西单和谈使则脸现尴尬之色,他们自以为的某些秘闻,原来人元国皇帝一清二楚,原本占有的主动权似乎也在瞬间失去。
又想到皇上那双冷寒的眼睛,两位使臣对视一眼,皆自对方眼中看到了惊惧之意,面上的退缩也瞬间散去。
“尊敬的元君陛下,为了两国的和平,还希元君陛下认真的考虑我西单方的要求,只要交出莫妙音,我们立马便能签订和平协议,这也是两国民众所希望看到的结局,还请元君陛下三思。”
不待元卫风做出回应,另一位和谈使又道:“元君陛下,您可以再好好考虑,七日后我二人再行入宫,届时请元君陛下一定给一个完美的答复。”
元卫风冷笑,沉声道:“既如此,你们先退下吧,朕与众位大臣好好商议一番,七日后再给你们答复。”
两位使臣退下,朝中众位大臣也开始进入热议模式,有人主张交出莫妙音,不过就是一个女子,怎比得过两国安定来得重要?
有人主张先探探两位使臣的口风,所谓知己知彼方能百战百胜,先要知道西单方究竟是怎么想的,准备怎么着,他们才好应对,当然,如果对方执意要莫妙音才肯和谈,那就给吧,不过是个女人。

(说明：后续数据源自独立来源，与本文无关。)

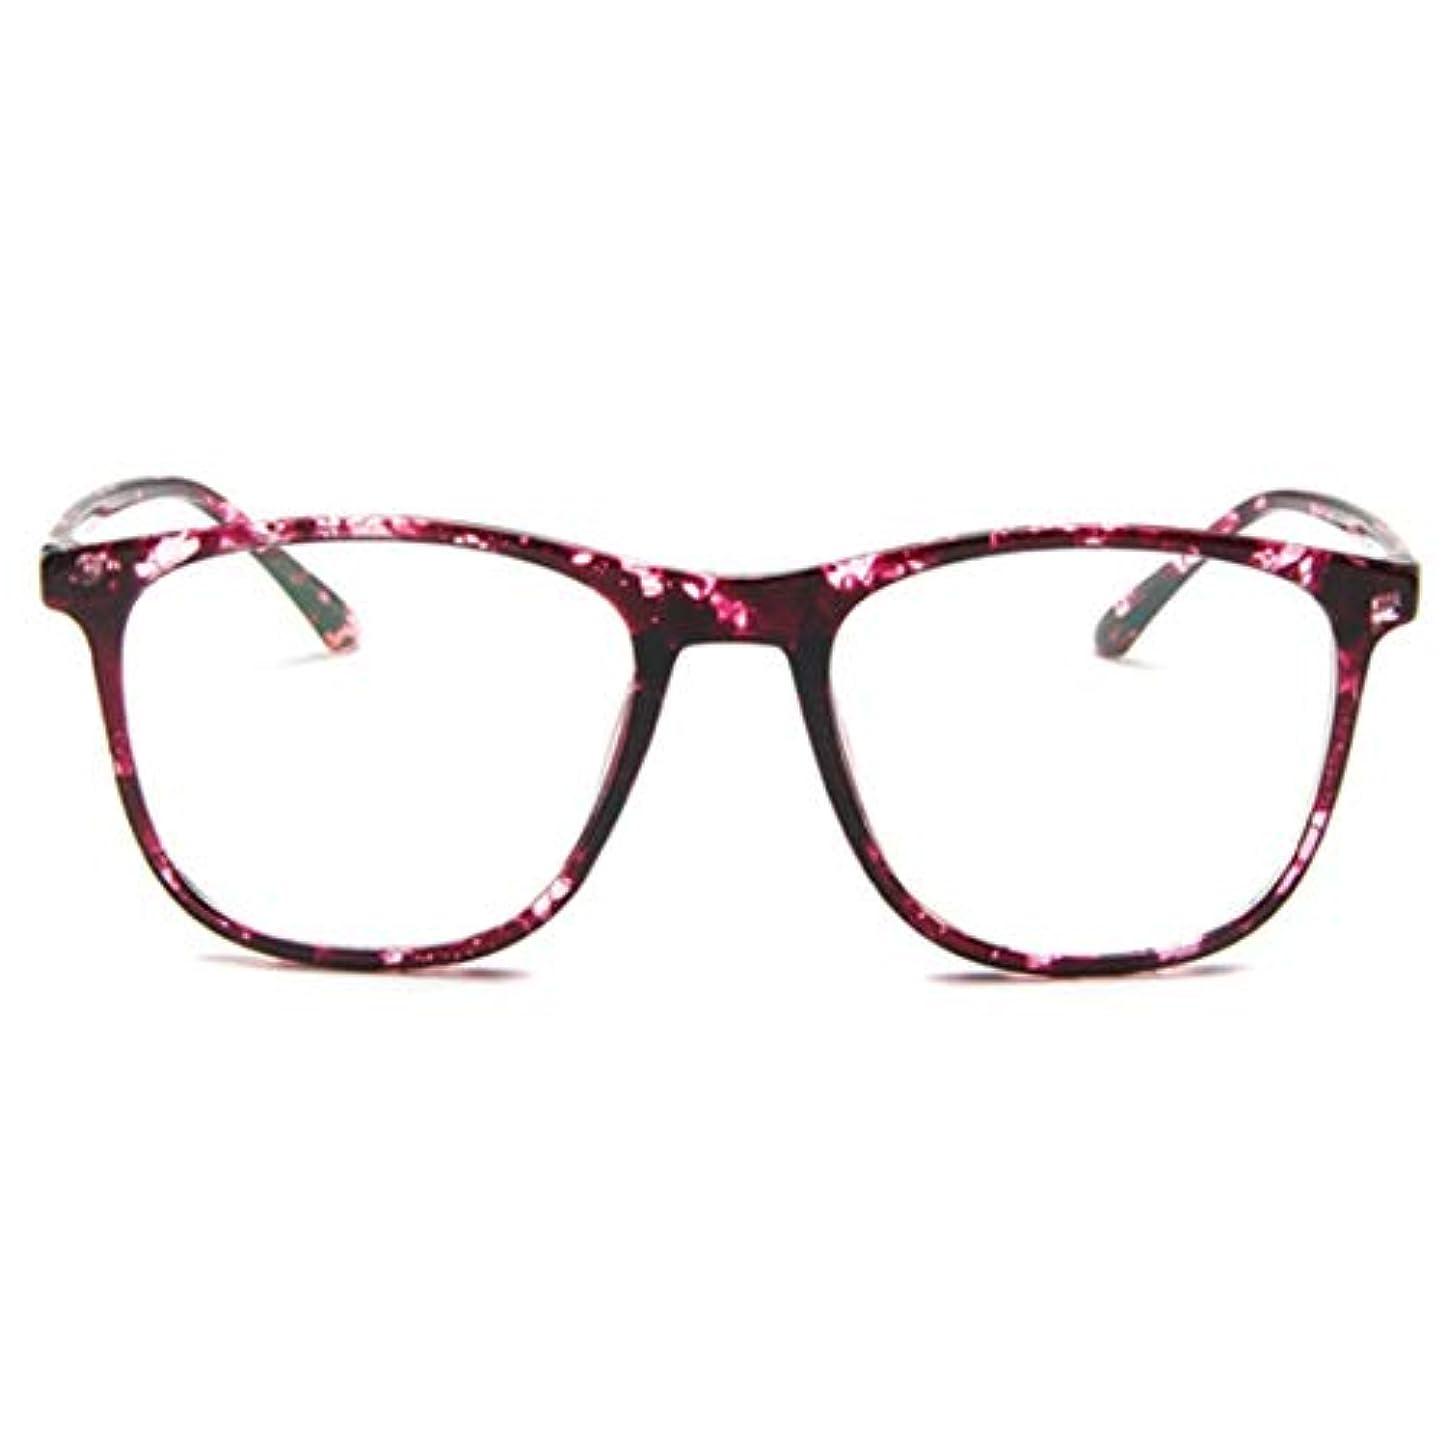 干渉する特定の哀韓国の学生のプレーンメガネ男性と女性のファッションメガネフレーム近視メガネフレームファッショナブルなシンプルなメガネ-パープル

总之一句话,主张交出莫妙音的占了绝大多数,有一部分聪明的选择了沉默,还有两人站在了妙音一方,认为不能交出妙音。
当然,这两人一个是白大人,一个是老太傅。
老太傅狠狠瞪了一眼身边滔滔不绝数落莫妙音不是的喻丞相,上前一步,朝着皇上道:“皇上,老臣认为不能交出莫太医。”
元卫风面色不改,只微微挑眉问道:“为何?”
老太傅道:“回皇上,莫太医乃一介女流,却拥有男人的勇敢,甚至超过男人,她盗取西单皇玉令,只不过是因为怕受到西单皇的禁锢,不得已而为之,假传圣旨也是为了救人,这些都有情可原,并非莫太医之过,西单皇提出此等要求,未免欺人太甚,欺我们元国无能吗?若真交出莫太医,岂不是向西单示弱?老臣认为,西单国提出此等要求,要人是假,想要削弱我们元国的威望是真,皇上万万不可答应啊。”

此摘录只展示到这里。